* YOUR OBJECTIVE *
Set the pictures aside and write down, exactly as they appear, the lines from the one containing "Optimizing Multiple Immunostaining" through the end of the material.

* GIVEN MATERIAL *
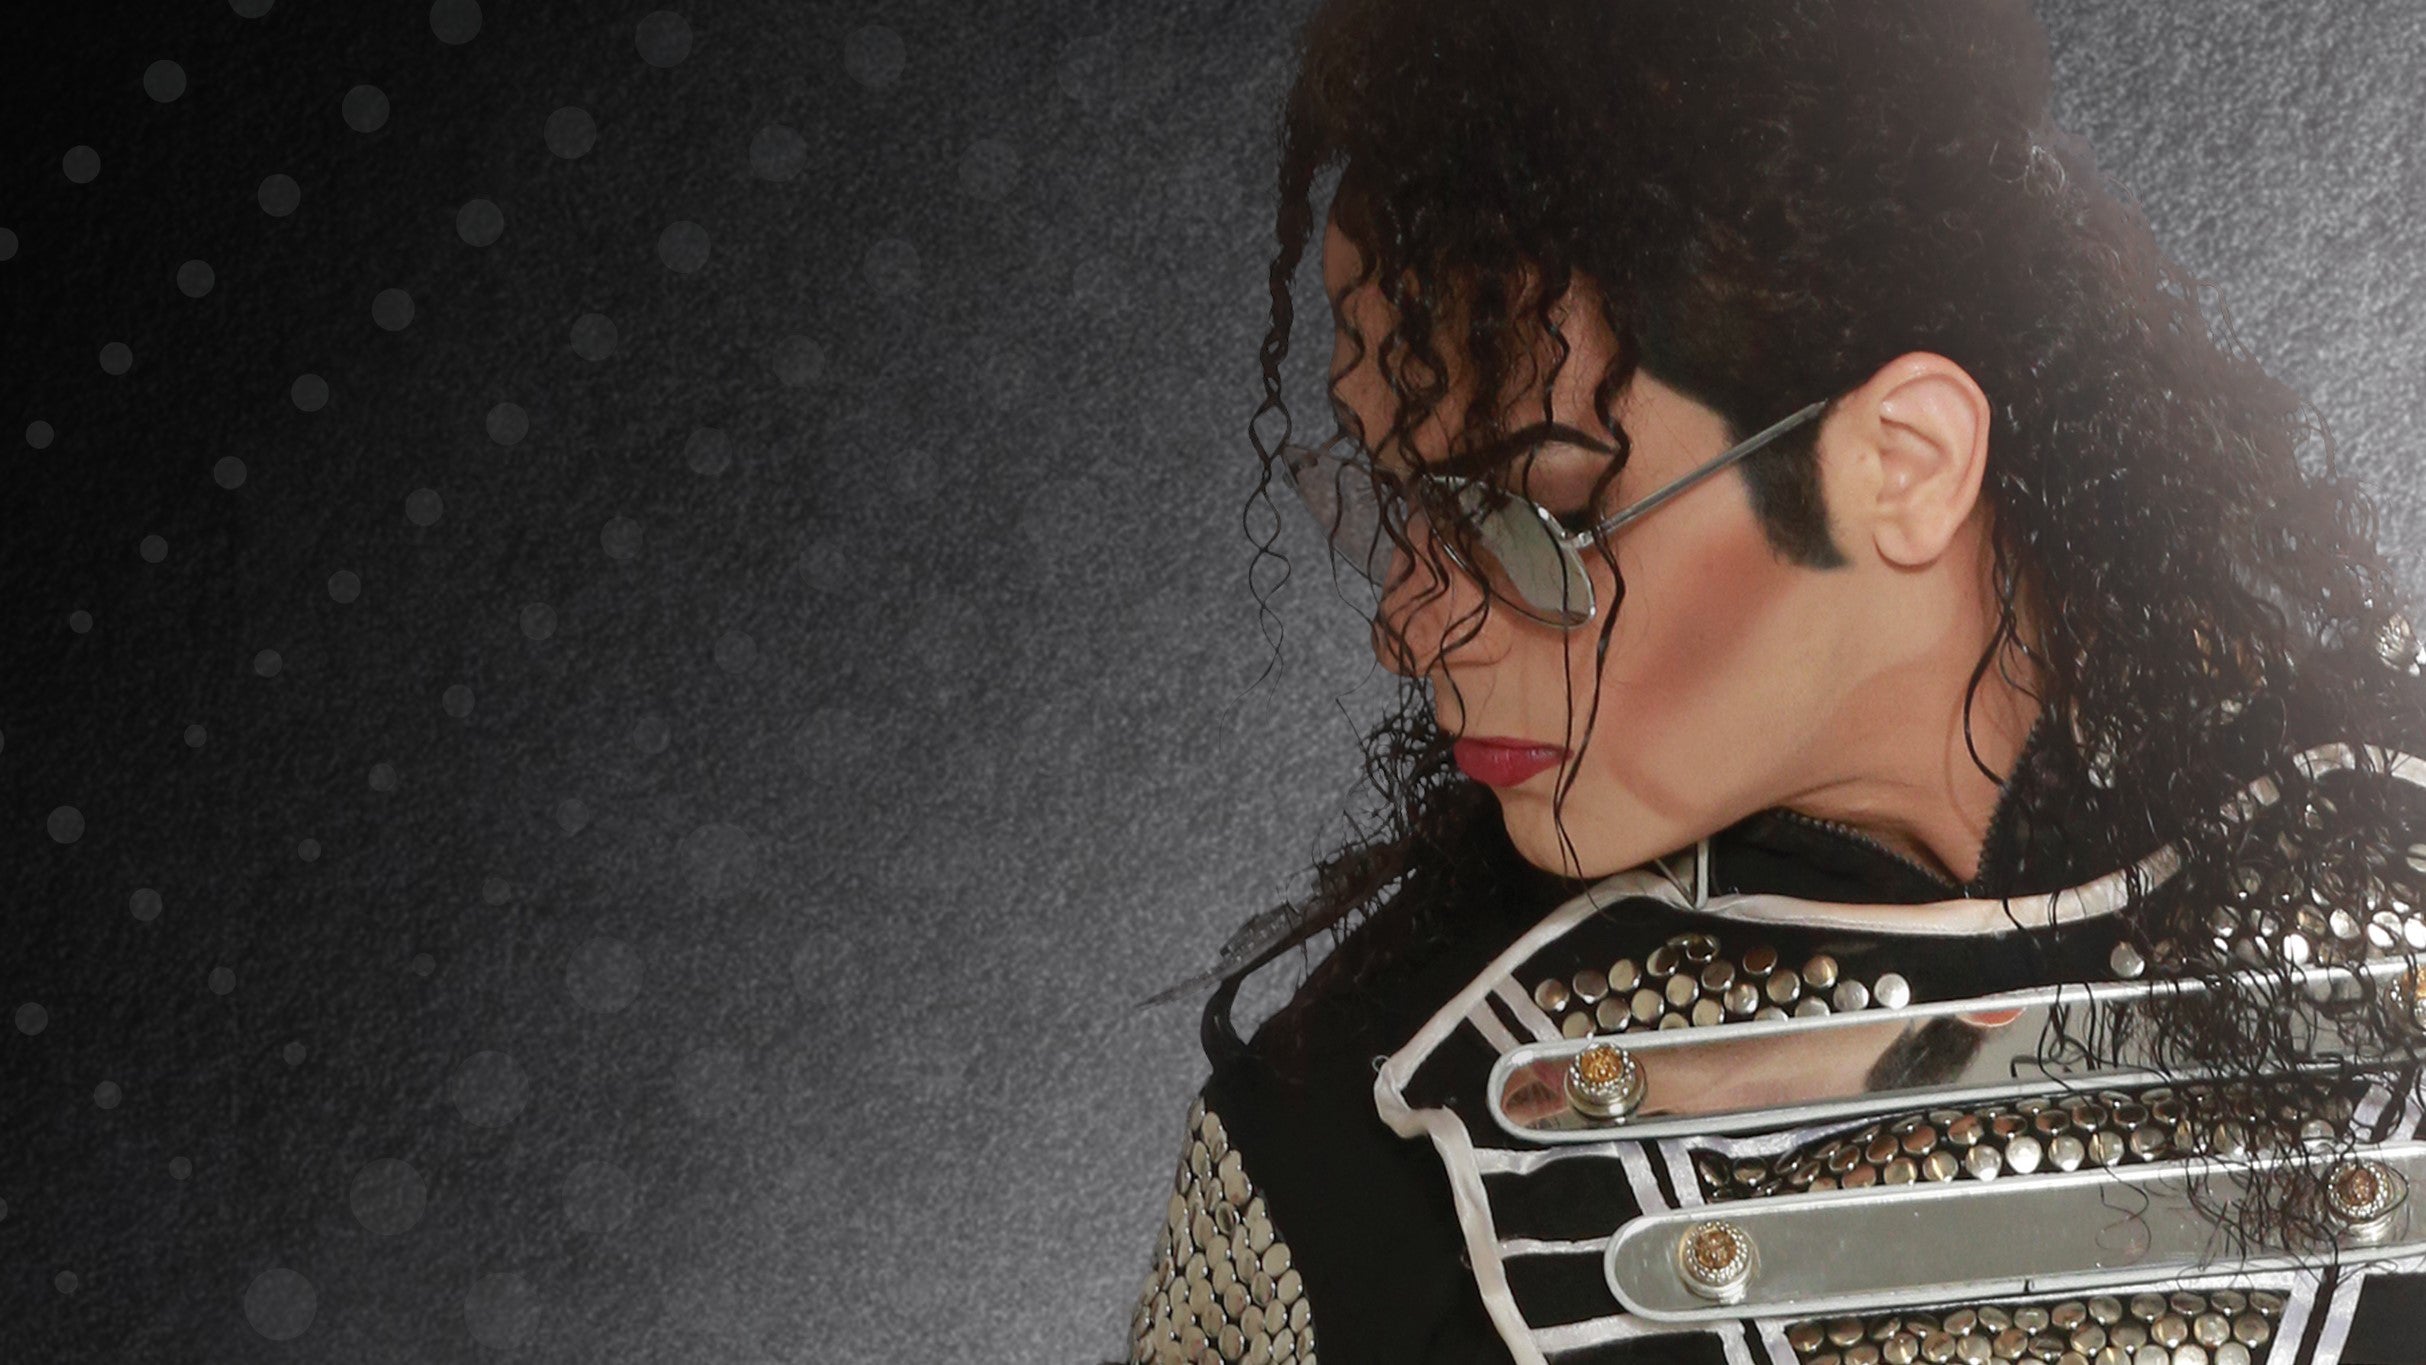 MJ LIVE - Michael Jackson Tribute in Rosemont promo photo for Goldstar Offer #2 presale offer code
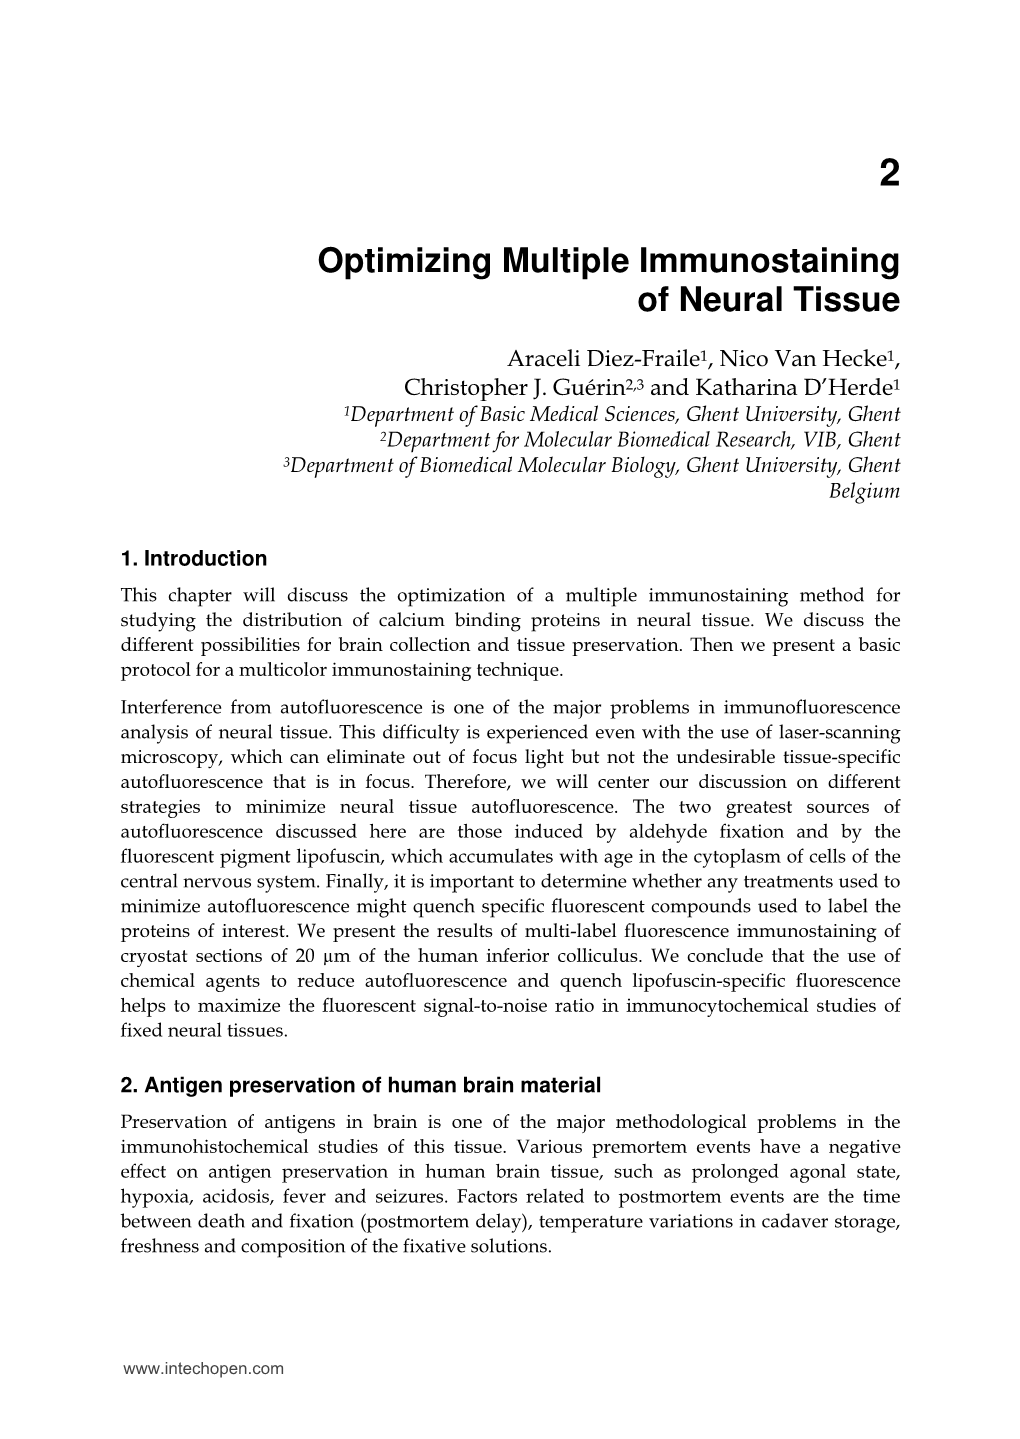 Optimizing Multiple Immunostaining of Neural Tissue
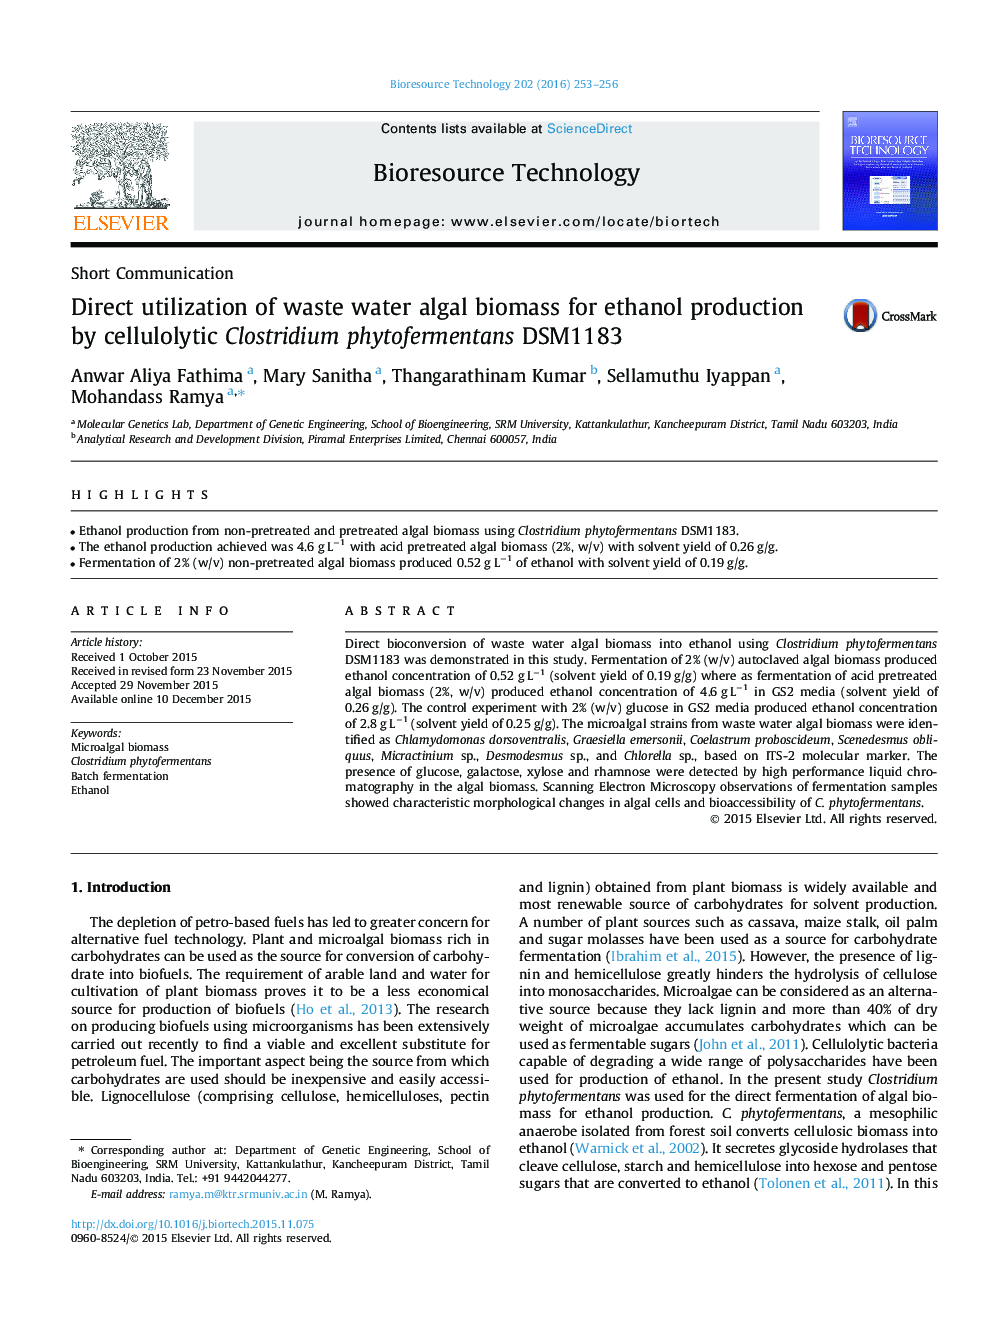 استفاده مستقیم از ضایعات زیست توده جلبکی آب برای تولید اتانول توسط phytofermentans DSM1183 کلستریدیوم cellulolytic

* TASK ANSWER *
 Optimizing Multiple Immunostaining of Neural Tissue
 استفاده مستقیم از ضایعات زیست توده جلبکی آب برای تولید اتانول توسط phytofermentans DSM1183 کلستریدیوم cellulolytic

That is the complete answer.